On 05/01/2013 11:52, Igor Galić wrote:


----- Original Message -----
On Wednesday 02 January 2013, Eric Covener wrote:
On Wed, Jan 2, 2013 at 4:02 PM, Stefan Fritsch <s...@sfritsch.de>
wrote:
On Wednesday 02 January 2013, Jim Jagielski wrote:
For *real* improvement, wouldn't storing in socache be
the optimal method?

Yes. I fear there may be some knee-jerk reaction like "oh my god,
they are keeping all the passwords in plain-text". But if it
would be limited to the shmcb socache provider, and if the
passwords would be cleared after some time of not being used, I
don't see any real security problems. Any other opinions?

For authentication, can you already opt-in to effectively this with
the mod_authn_socache?

No, mod_authn_socache only caches the lookup of the password hash. It
avoids having to open the password file/dbm/whatever but it still
calls apr_password_validate() every time. Maybe it should be extended
to also cache the real password and the result of
apr_password_validate()?


Stupid question time:
Why can't we store the password *hash* in the socache instead of
the plain-text password?

i


Igor, that is exactly what Stefan is says already happens with mod_authn_socache, unless I grossly misread...

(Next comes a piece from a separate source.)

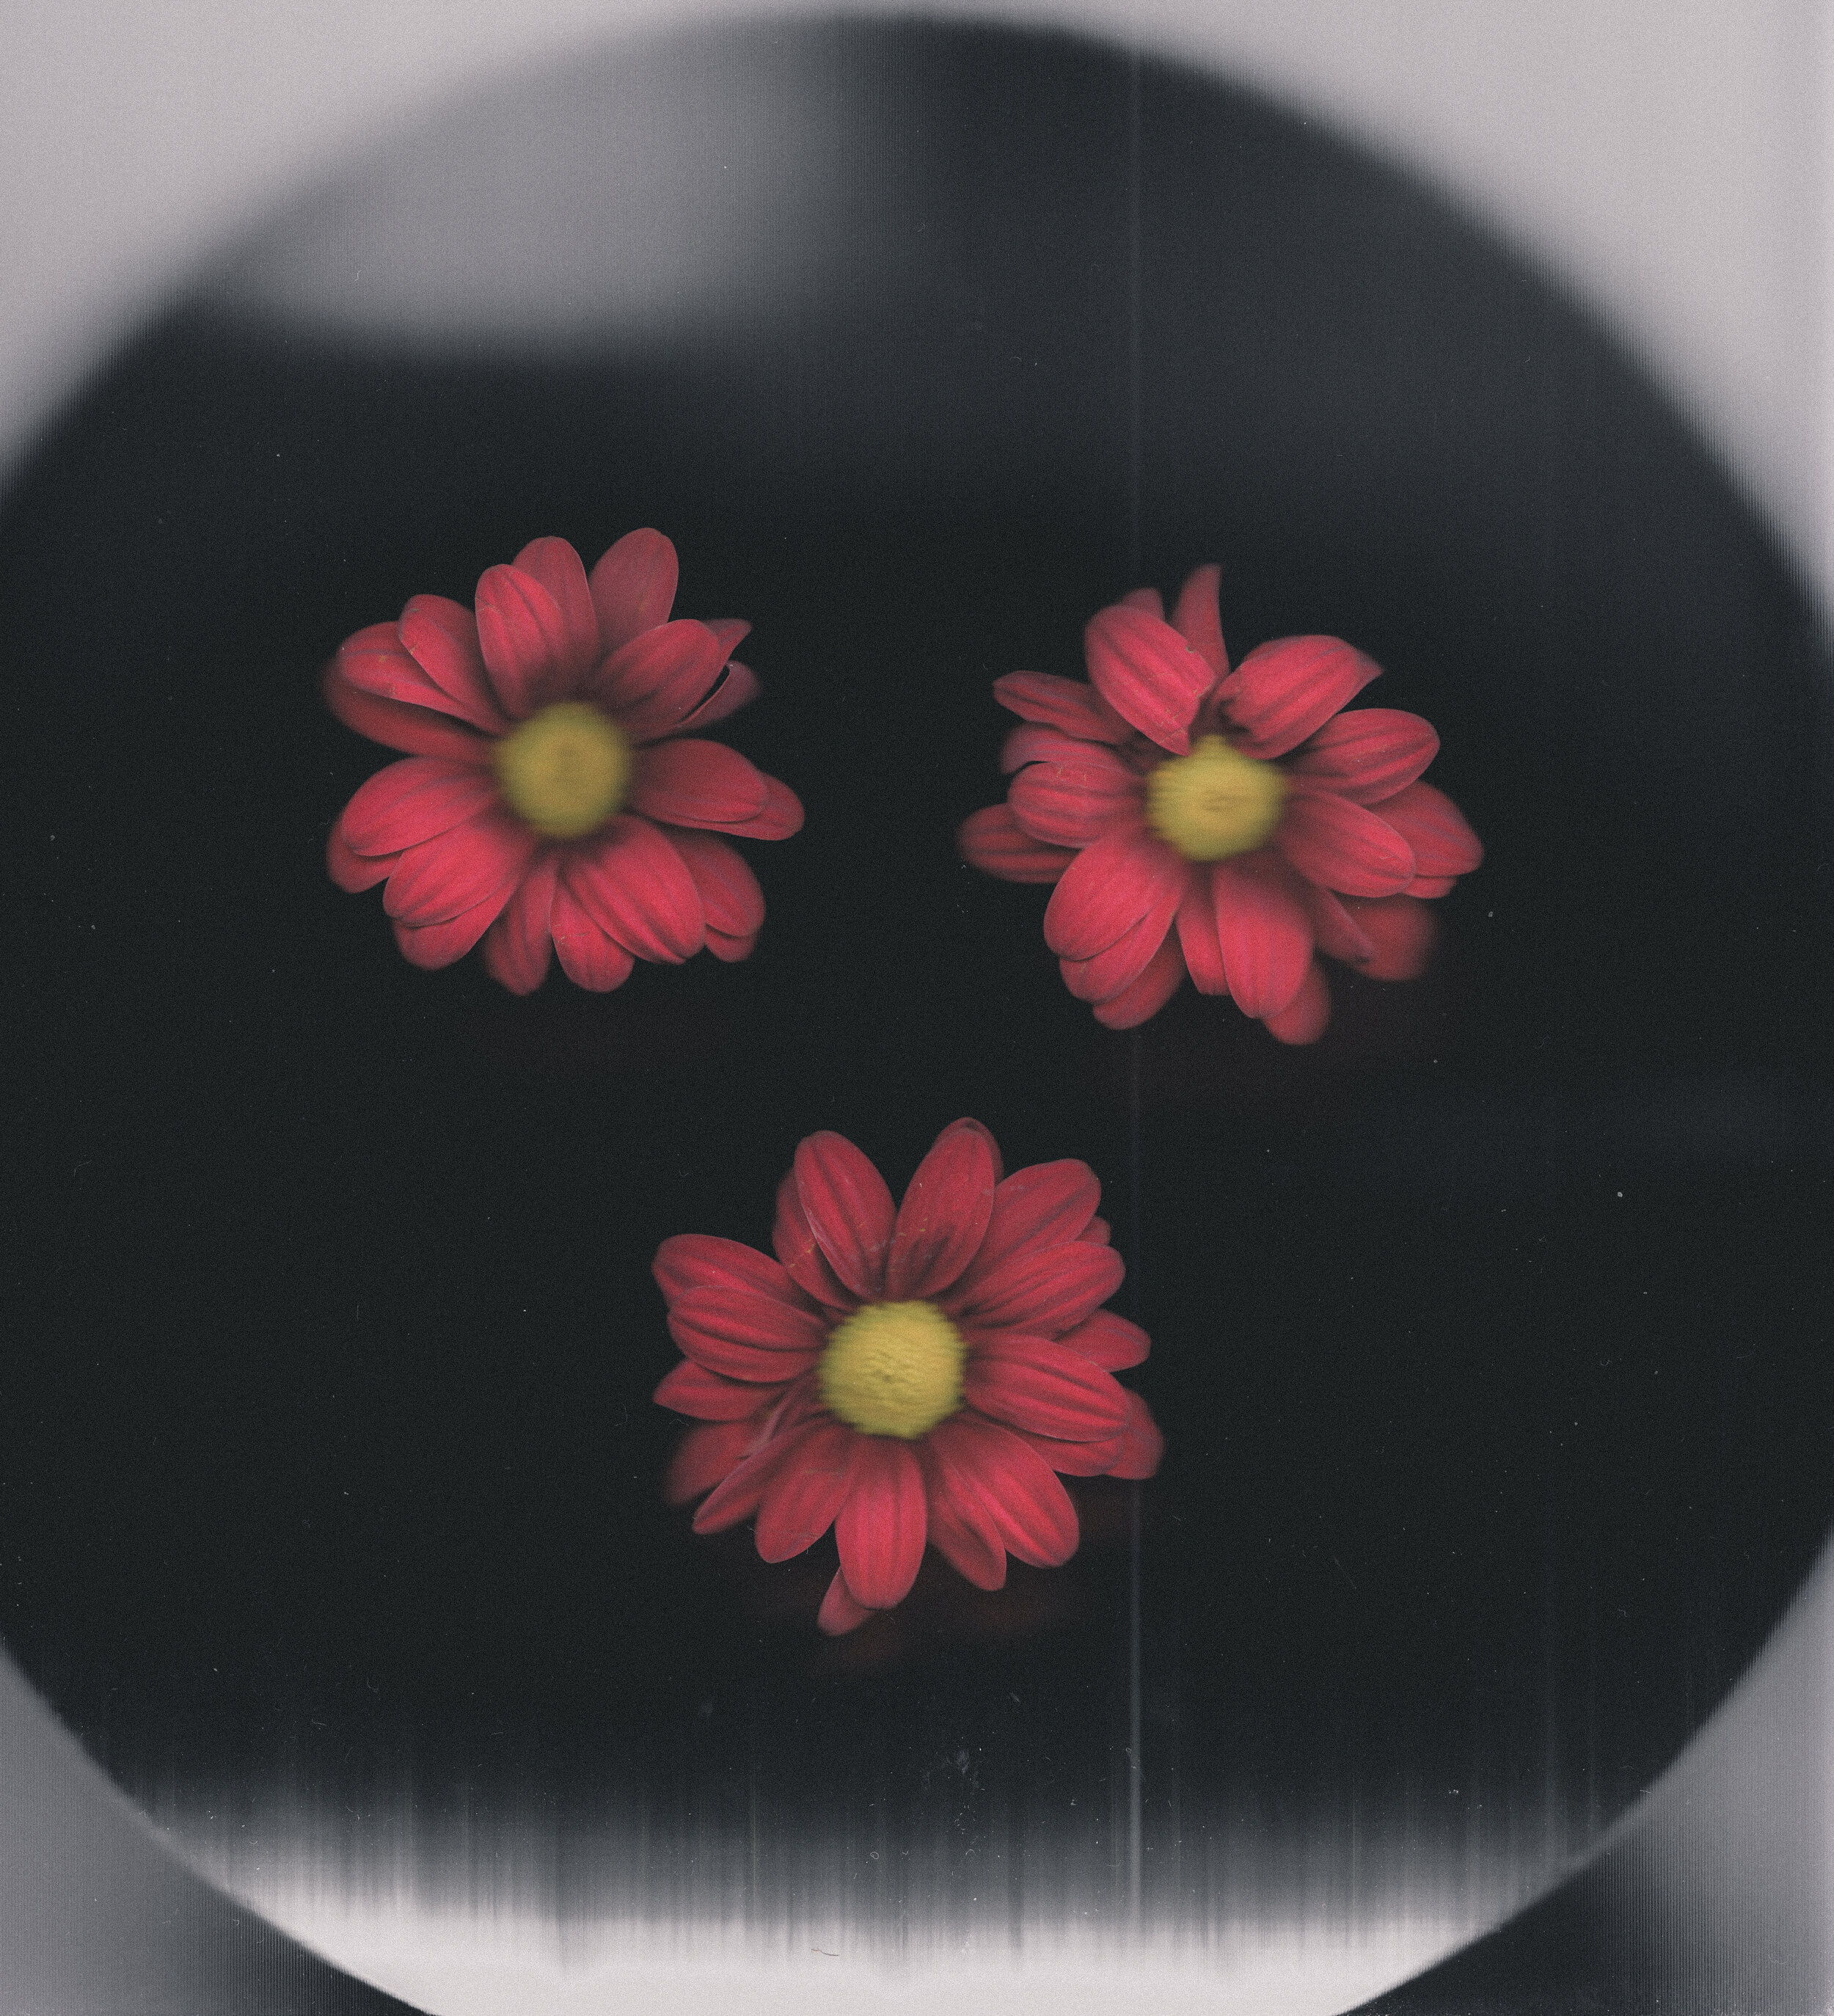 flower scan 3.11.20 (10).jpg

I'd be +1 allowing for a directive to hash the plaintext in socache, if it wasn't the default. I'd probably be +0 to it being the default, but only because I don't see myself as having tuits to look closely enough at shmcb cache to really understand the security implications for myself; but if the sysadmin is already opt-ing in for any sort of authentication caching, then (s)he already is aware of a hypothetical chance for a security compromise on the system to some degree or another.